ANE

ANE is an open-source framework for training neural networks directly on Apple's Neural Engine hardware, bypassing Apple's public Core ML toolchain through reverse-engineered private APIs. It provides low-level control over the ANE, enabling developers to compile custom compute graphs into binary kernels, partition transformer model layers into hardware-compatible subgraphs, and share GPU-allocated memory with the Neural Engine via zero-copy IOSurface buffers.

The framework distinguishes itself by offering direct access to hardware performance counters and power telemetry for benchmarking throughput and energy consumption, alongside a quantization pass that converts weights and activations to INT8 precision for reduced memory bandwidth.

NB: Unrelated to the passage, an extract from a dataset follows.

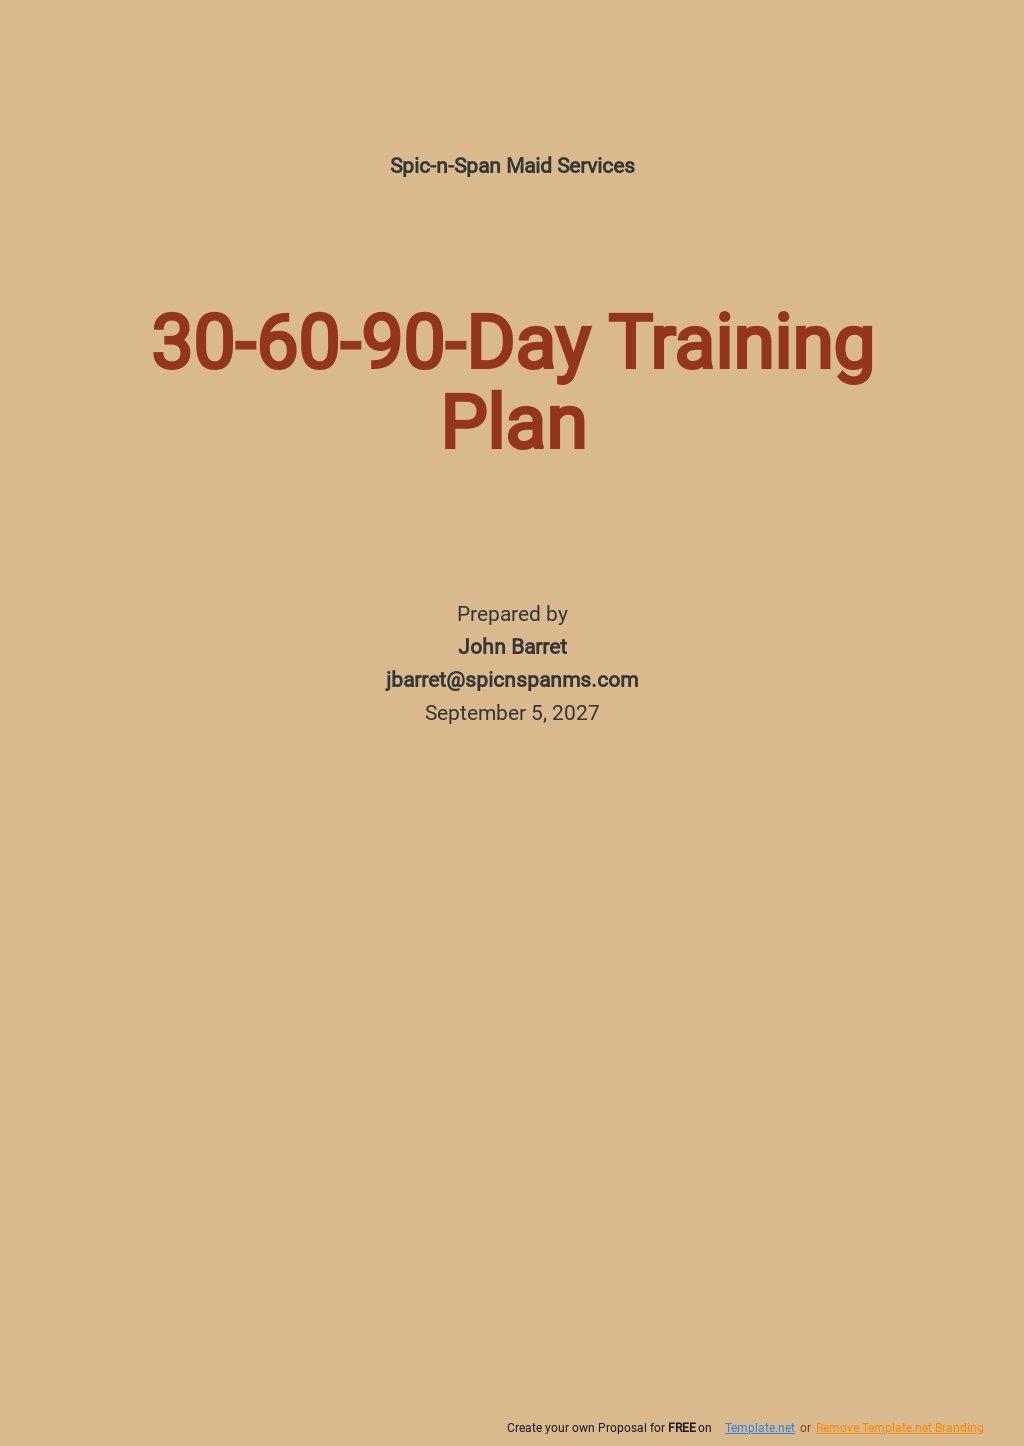 30 60 90 Day Training Plan Template.jpe

It also includes a checkpoint-based compile bypass that serialises compiled kernel state to disk, allowing training to resume without recompiling and sidestepping hardware compile-time limits.

ANE provides tools for measuring throughput and power consumption of custom compute graphs, quantizing model weights to INT8, and training transformer models end-to-end on the Neural Engine. The project's documentation covers installation and usage of these capabilities through its reverse-engineered API bindings.

Features

Neural Engine Training Toolkits - Trains transformer and other neural network models directly on Apple Neural Engine hardware using low-level APIs.

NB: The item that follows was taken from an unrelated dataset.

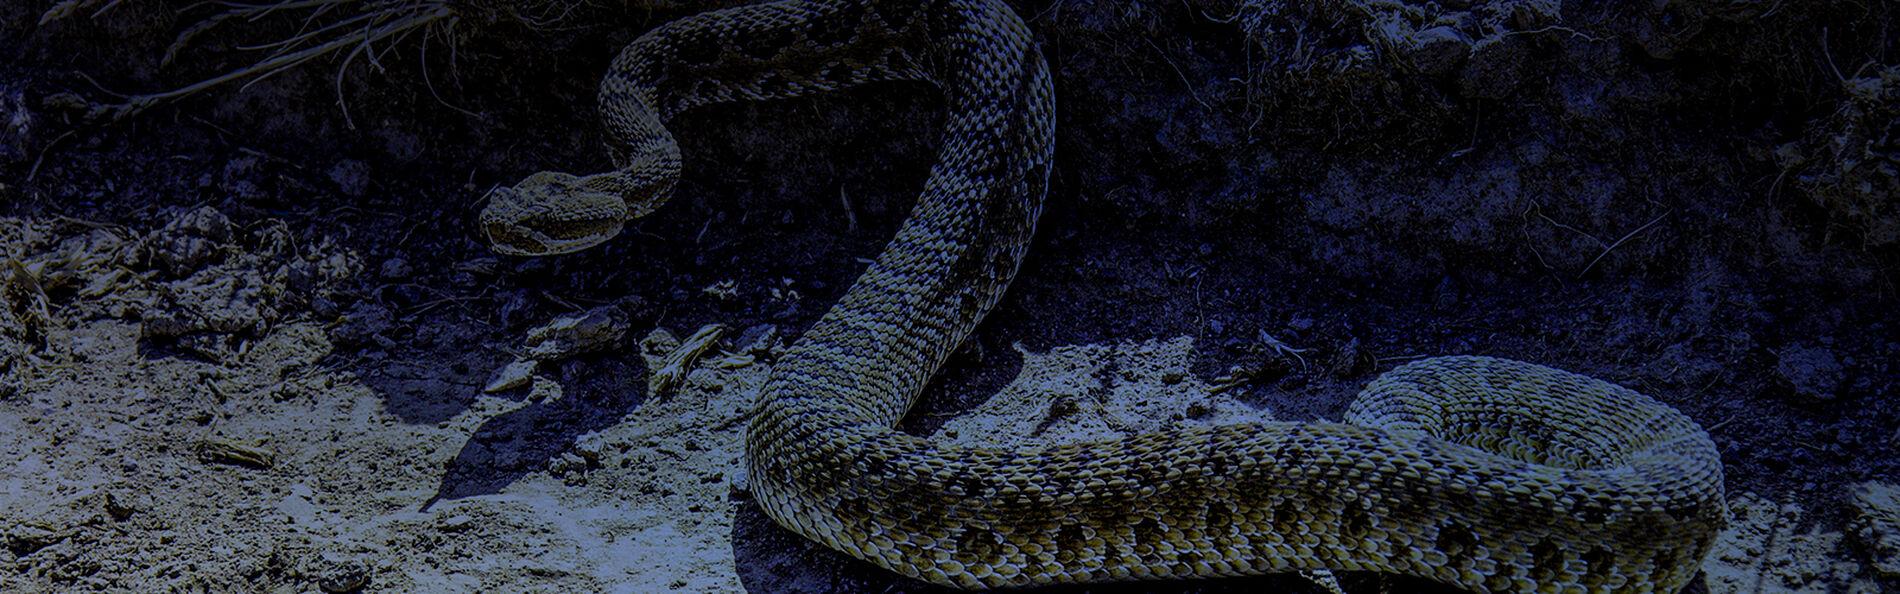 rattlesnake with blue overlay

Apple Neural Engine Transformer Training - Enables transformer model training to run directly on Apple's Neural Engine hardware via low-level APIs.

Neural Engine Training Engines - Runs transformer model training directly on neural engine hardware using low-level APIs.

Hardware-Aware Graph Partitioning - Splits transformer model layers into ANE-compatible subgraphs respecting hardware memory and instruction constraints.

8-Bit Inference Quantizers - Quantizes model weights and activations to 8-bit integers to reduce memory bandwidth on ANE hardware.

Graph-Level INT8 Quantization Passes - Inserts quantization and dequantization operations into compute graphs for INT8 precision on ANE.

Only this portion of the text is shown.